Alternative for low-contention scenarios: backoff with exponential delay (in microseconds), but for atomic counters this is rarely needed.
Bug 19 — Conflating "Atomic" with "Synchronised"¶
var ready atomic.Bool
var data string
// goroutine A
data = "important"
ready.Store(true)
// goroutine B (BUG)
if ready.Load() {
fmt.Println(data)
}
// also goroutine B (later)
data = "" // BUG — not synchronised; A may still be reading
What is wrong?¶
The first reader of data is fine — Go's memory model guarantees that A's write to data is visible after B sees ready == true.
The second B write (data = "") is not synchronised with anything. If A reads data after the second B write, B's write is invisible (or visible, or partial — undefined). This is a data race on data.
The trap: people assume "I used atomic somewhere, so everything is synchronised." Atomic synchronises the path that goes through the atomic op. Other writes need their own synchronisation.
Fix¶
Use the atomic chain for every access:
var data atomic.Pointer[string]
// A
s := "important"
data.Store(&s)
ready.Store(true)
// B
if ready.Load() {
fmt.Println(*data.Load())
}
empty := ""
data.Store(&empty)
Or hold data access behind a mutex.
Bug 20 — Double-Word Operations on Two Atomics¶
var current atomic.Int64
var version atomic.Int64
func update(v int64) {
current.Store(v)
version.Add(1)
}
func read() (int64, int64) {
return current.Load(), version.Load()
}
What is wrong?¶
Readers want (value, version) to be consistent: the version corresponds to the value. The current code can return (new value, old version) or (old value, new version). Subscribers using version to detect updates may miss them or process them twice.
Fix¶
Pack into a struct:
type Entry struct {
Value, Version int64
}
var current atomic.Pointer[Entry]
func update(v int64) {
for {
old := current.Load()
ver := int64(0)
if old != nil {
ver = old.Version + 1
} else {
ver = 1
}
new := &Entry{Value: v, Version: ver}
if current.CompareAndSwap(old, new) {
return
}
}
}
func read() *Entry { return current.Load() }
A single atomic load returns the full pair. Consistency restored. Cost: allocation per update.
Final Notes¶
Some patterns repeat:
- Mixing atomic and non-atomic access — race detector catches it.

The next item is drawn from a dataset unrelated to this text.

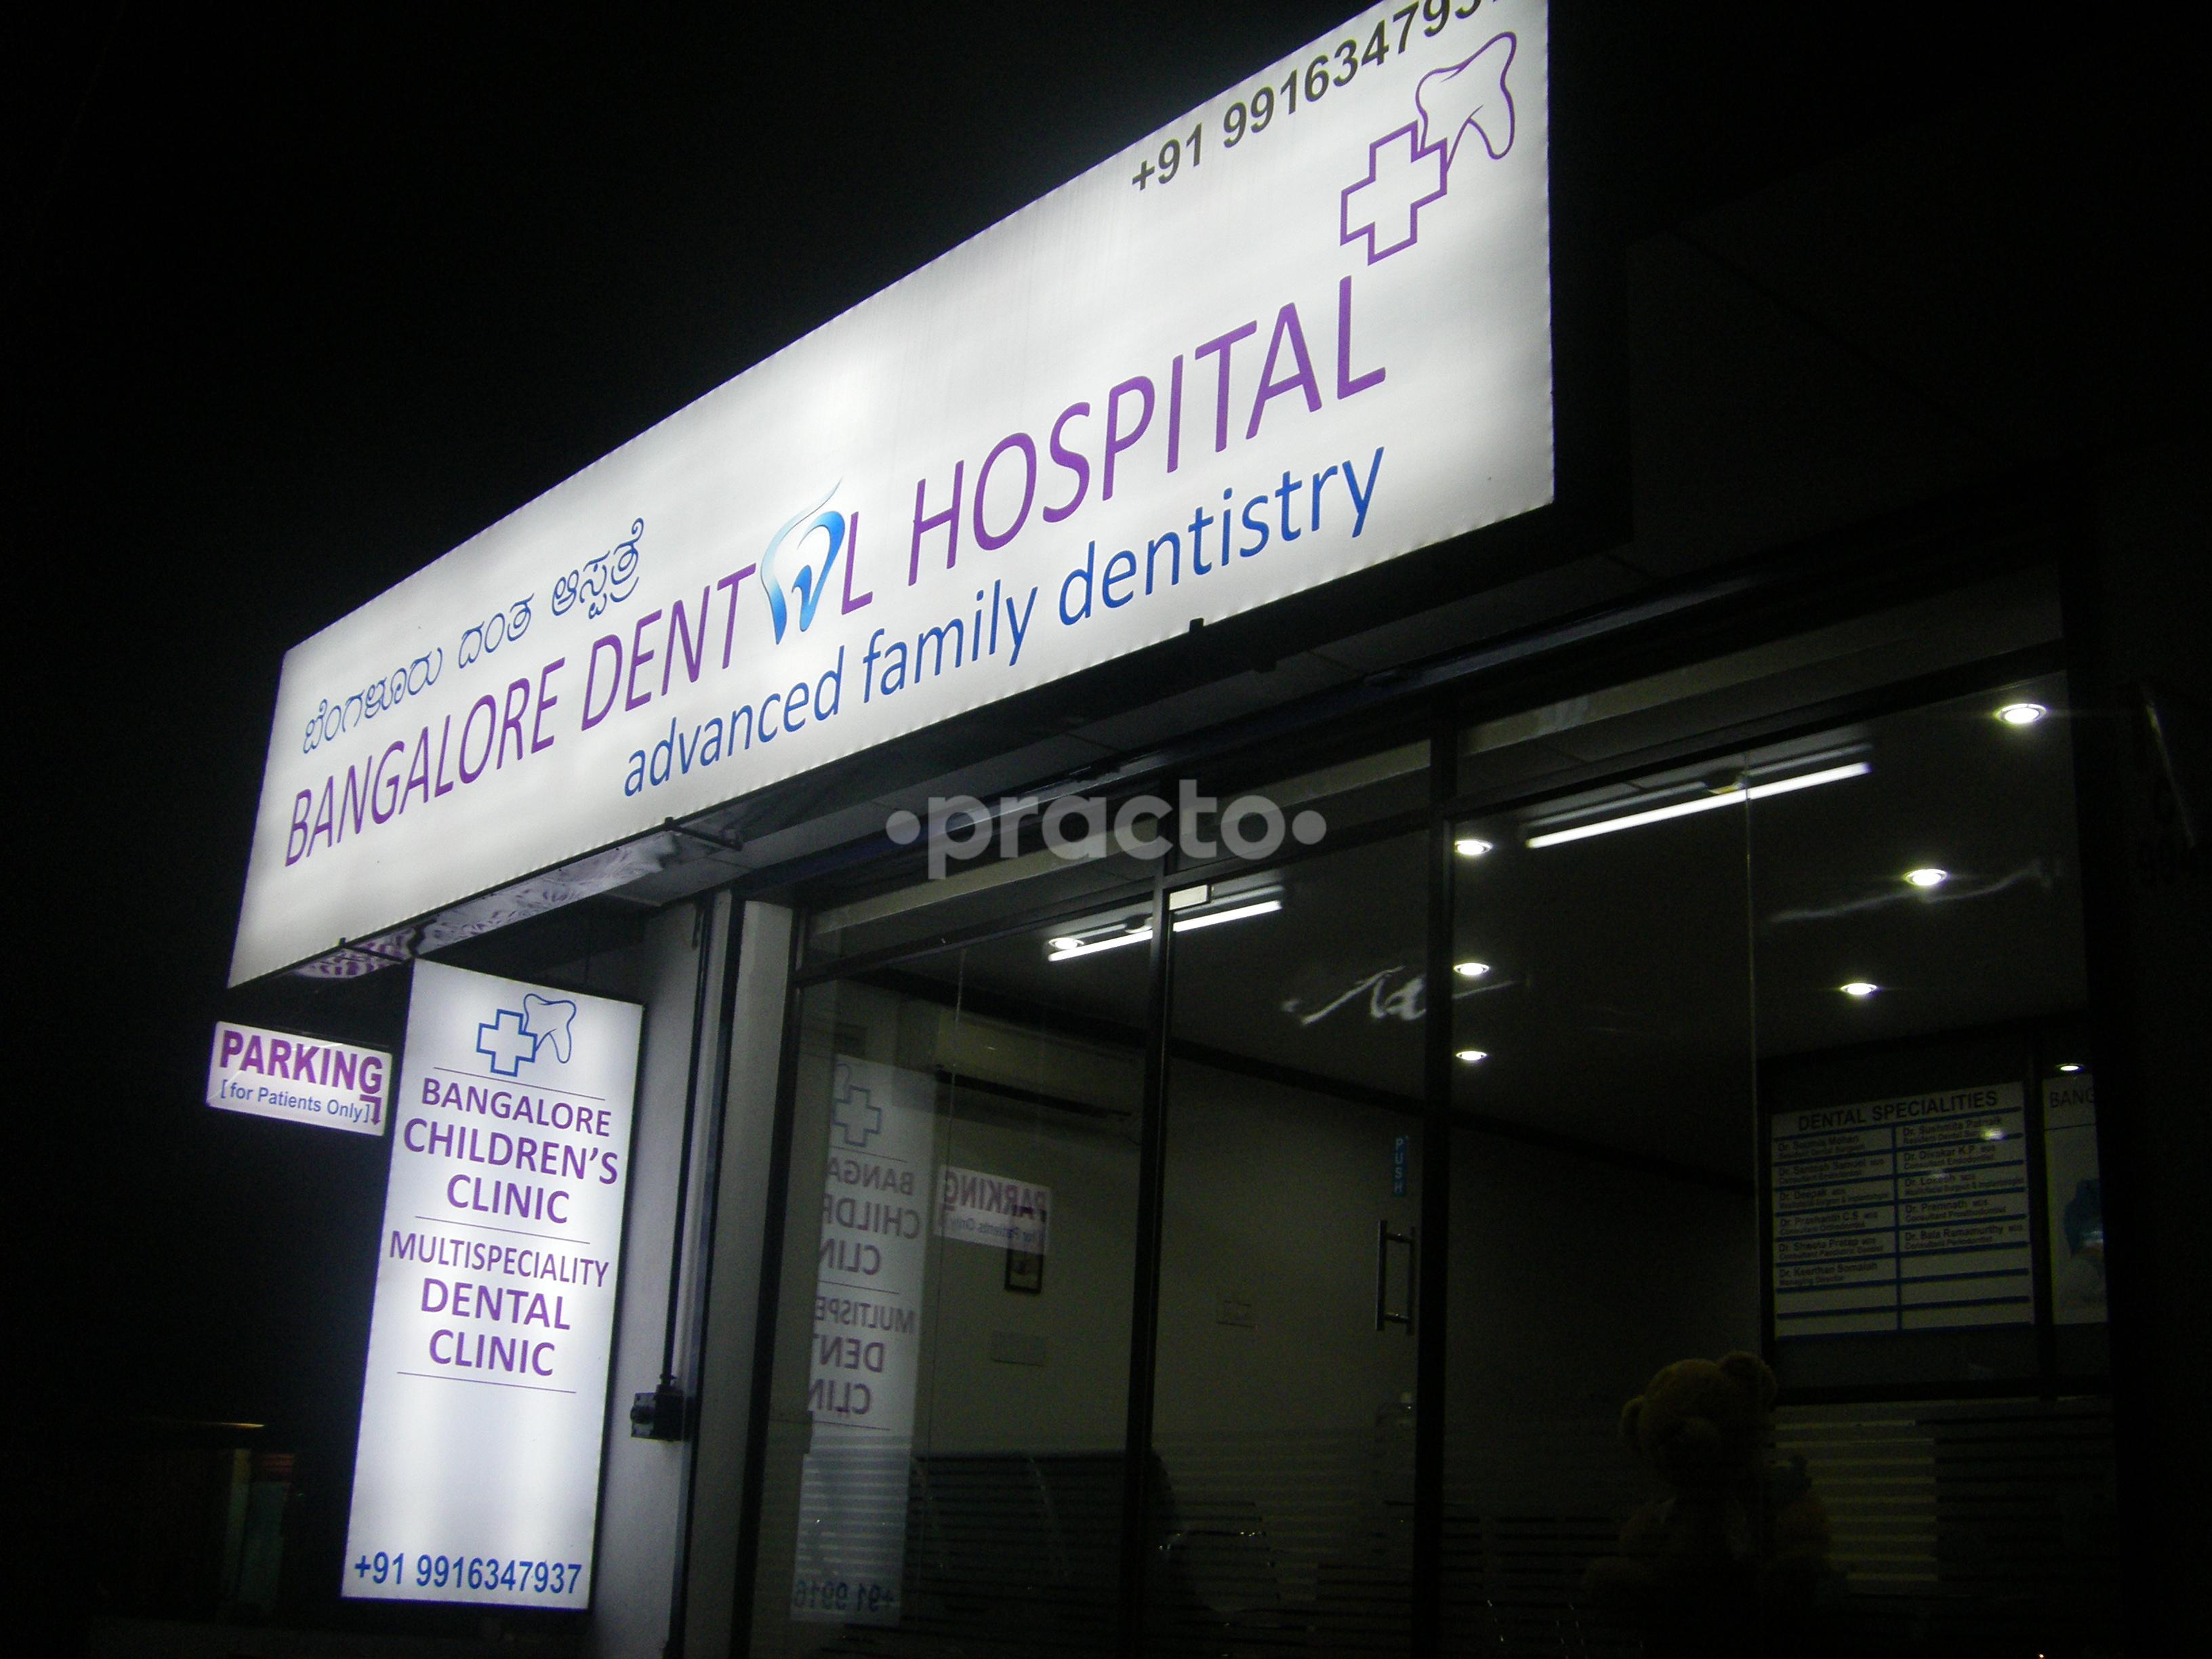 Bangalore Dental Hospital and Children's Clinic

- Two-variable consistency — pack into a struct.
- Mutation after publication — copy-on-write.
Load-then-modify without CAS — race window.- Type mismatch in
atomic.Value— preferatomic.Pointer[T]. - Alignment on 32-bit — use the typed API.
Most of these bugs are caught by go test -race. Some are subtle and require careful reading. Build the habit of running -race in CI; treat its warnings as production-blocking.